At Devoxx Poland 2022, Bartosz de Boulange, a Java developer at BGŻ BNP Paribas, Poland’s national development bank, delivered an insightful presentation on Hibernate Search, a powerful tool that seamlessly integrates traditional Object-Relational Mapping (ORM) with NoSQL databases like Elasticsearch. Bartosz’s talk focused on enabling full-text search capabilities within SQL-based applications, offering a practical solution for developers seeking to enhance search functionality without migrating entirely to a NoSQL ecosystem. Through a blend of theoretical insights and hands-on coding demonstrations, he illustrated how Hibernate Search can address complex search requirements in modern applications.

The Power of Full-Text Search

Bartosz began by addressing the challenge of implementing robust search functionality in applications backed by SQL databases. For instance, in a bookstore application, users might need to search for specific phrases within thousands of reviews. Traditional SQL queries, such as LIKE statements, are often inadequate for such tasks due to their limited ability to handle complex text analysis. Hibernate Search solves this by enabling full-text search, which includes character filtering, tokenization, and normalization. These features allow developers to remove irrelevant characters, break text into searchable tokens, and standardize data for efficient querying. Unlike native SQL full-text search capabilities, Hibernate Search offers a more streamlined and scalable approach, making it ideal for applications requiring sophisticated search features.

Integrating Hibernate with Elasticsearch

The core of Bartosz’s presentation was a step-by-step guide to integrating Hibernate Search with Elasticsearch. He outlined five key steps: creating JPA entities, adding Hibernate Search dependencies, annotating entities for indexing, configuring fields for NoSQL storage, and performing initial indexing. By annotating entities with @Indexed, developers can create indexes in Elasticsearch at application startup. Fields are annotated as @FullTextField for tokenization and search, @KeywordField for sorting, or @GenericField for basic querying. Bartosz emphasized the importance of the @FullTextField, which enables advanced search capabilities like fuzzy matching and phrase queries. His live coding demo showcased how to set up a Docker Compose file with MySQL and Elasticsearch, configure the application, and index a bookstore’s data, demonstrating the ease of integrating these technologies.

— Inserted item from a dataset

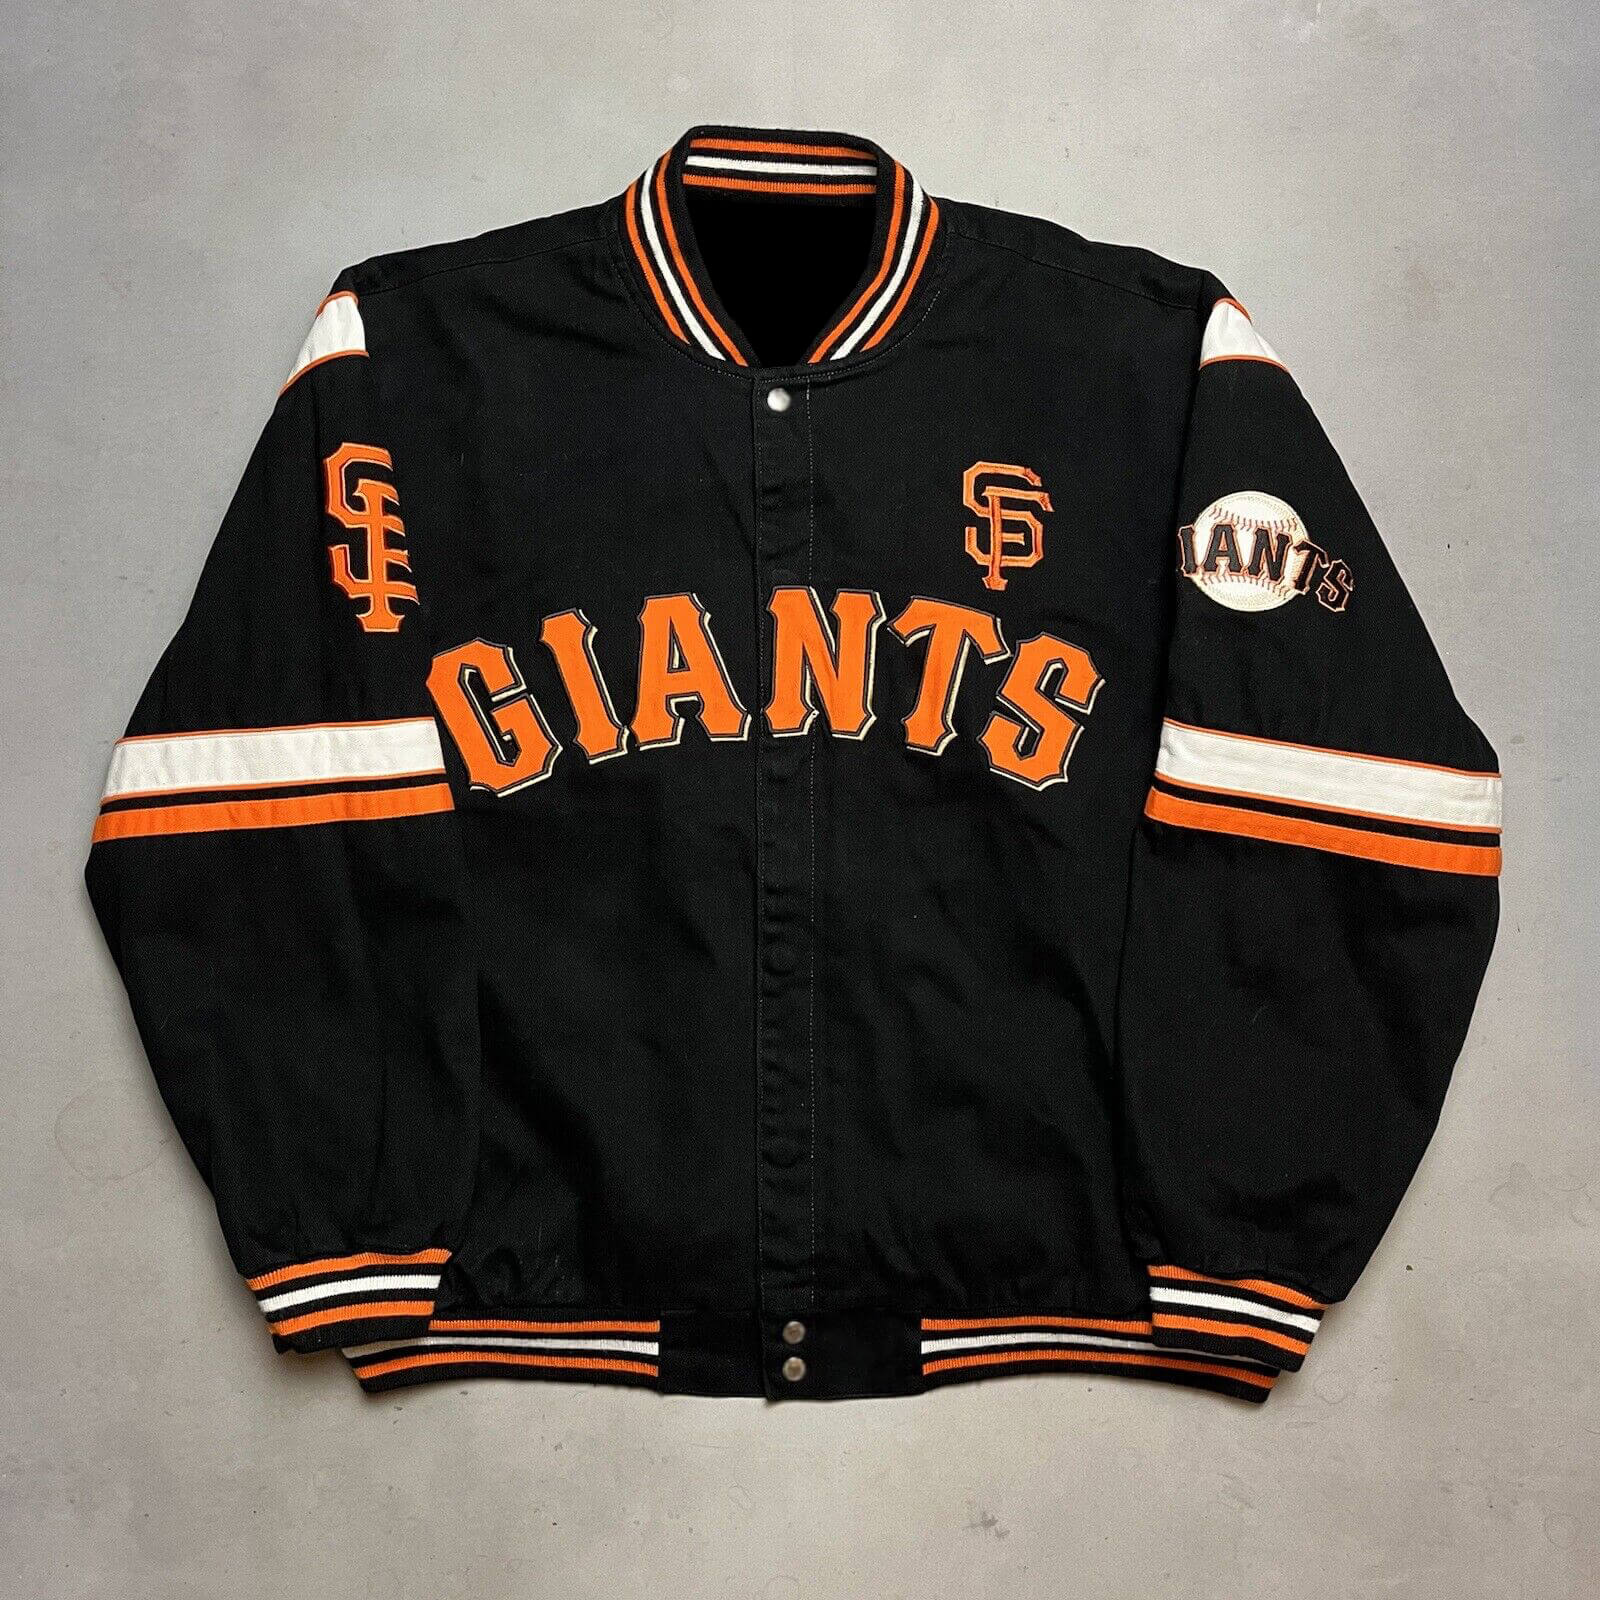 SF Giants Black and White Varsity Jacket

Scalability and Synchronization Challenges

A significant advantage of using Elasticsearch with Hibernate Search is its scalability. Unlike Apache Lucene, which is limited to a single node and suited for smaller projects, Elasticsearch supports distributed data across multiple nodes, making it ideal for enterprise applications. However, Bartosz highlighted a key challenge: synchronization between SQL and NoSQL databases. Changes in the SQL database may not immediately reflect in Elasticsearch due to communication overhead. To address this, he introduced an experimental outbox polling coordination strategy, which uses additional SQL tables to maintain update order. While still in development, this feature promises to improve data consistency, a critical aspect for production environments.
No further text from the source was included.